:: Data block ::
━━━━━━━━━━━━━━━━━━━━━━━━━━━━━━

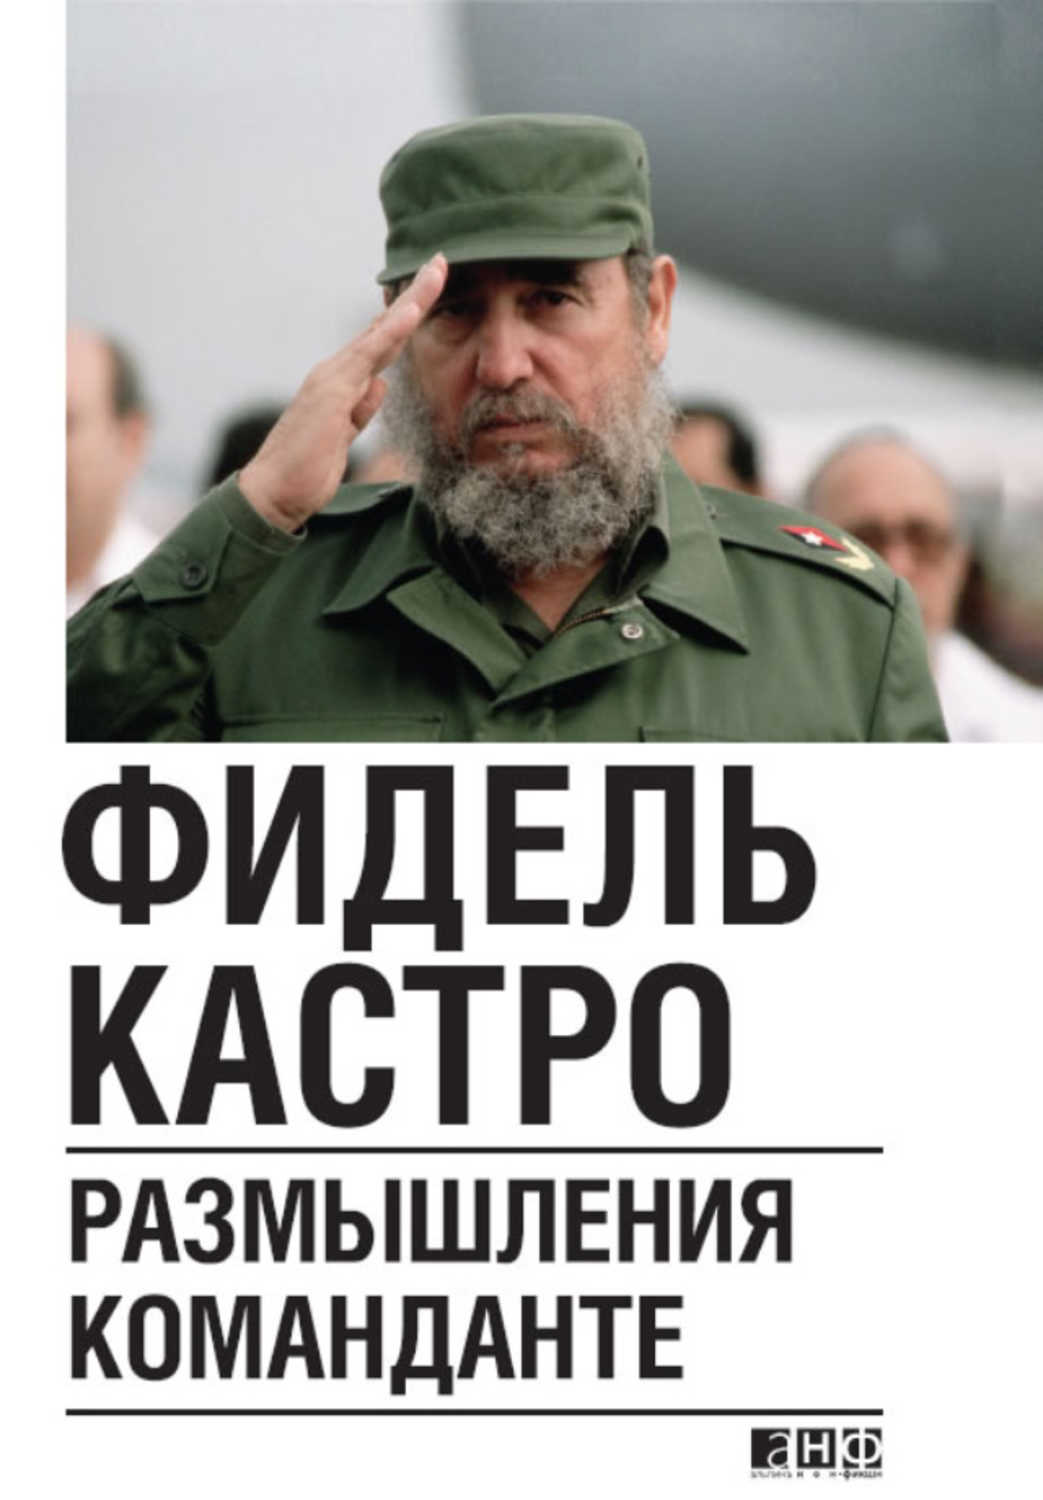 Кастро Фидель - «Размышления команданте»
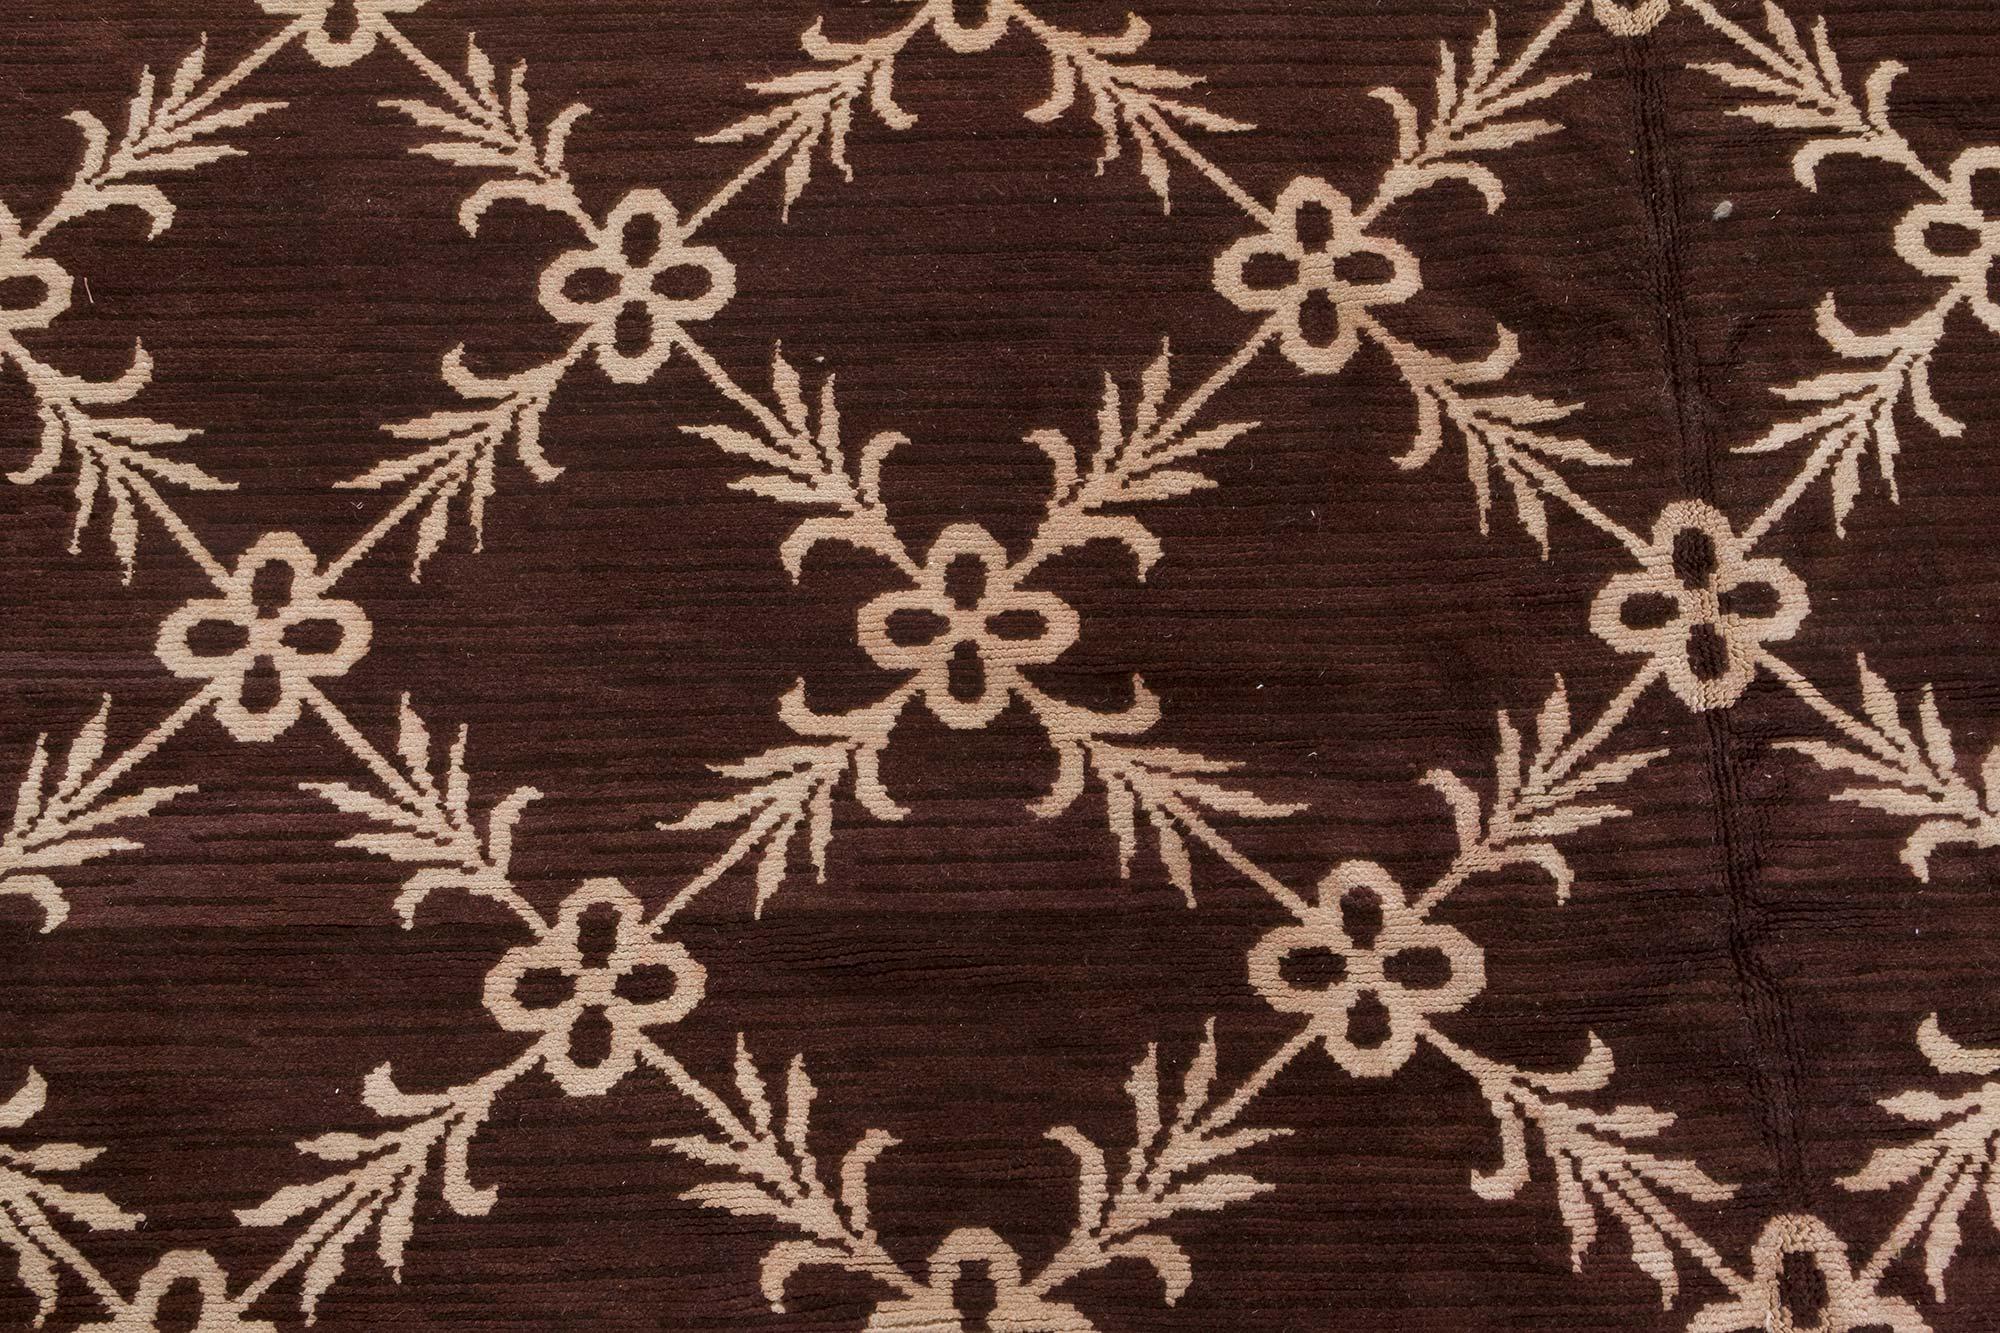 Tapis vintage en laine tissée à la main brun et ivoire de Botanic Chocolat d'Espagne
Taille : 353 × 678 cm (11'7
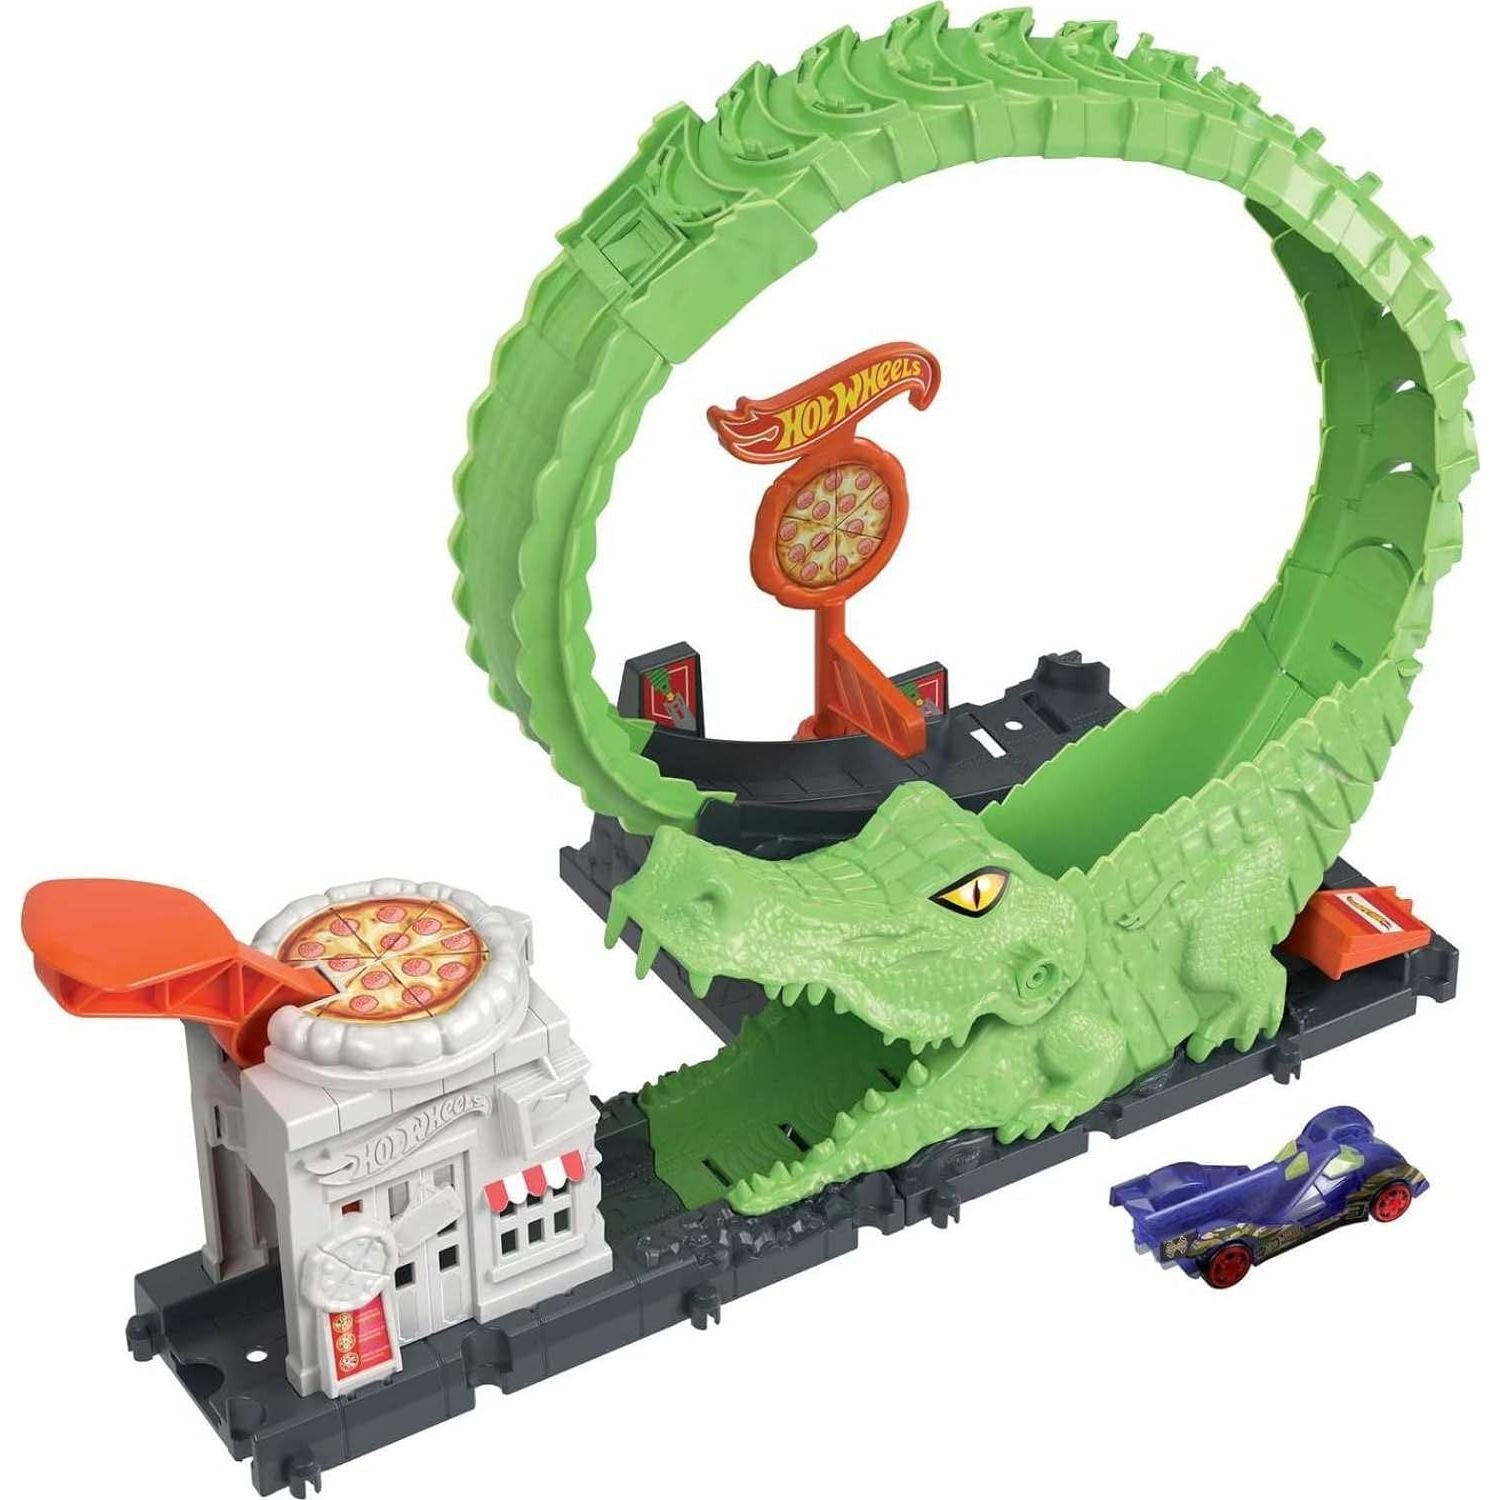 مجموعة مسار سيارة لعبة هوت ويلز، مجموعة ألعاب هجوم حلقة التمساح في مكان البيتزا مع سيارة بمقياس 1؛64، تتصل بمجموعات أخرى

━━━━━━━━━━━━━━━━━━━━━━━━━━━━━━

The answer should match the data above word for word, with no pictures in it.

:: Written answer ::
 Кастро Фидель - «Размышления команданте»
 Tapis vintage en laine tissée à la main brun et ivoire de Botanic Chocolat d'Espagne
Taille : 353 × 678 cm (11'7
 مجموعة مسار سيارة لعبة هوت ويلز، مجموعة ألعاب هجوم حلقة التمساح في مكان البيتزا مع سيارة بمقياس 1؛64، تتصل بمجموعات أخرى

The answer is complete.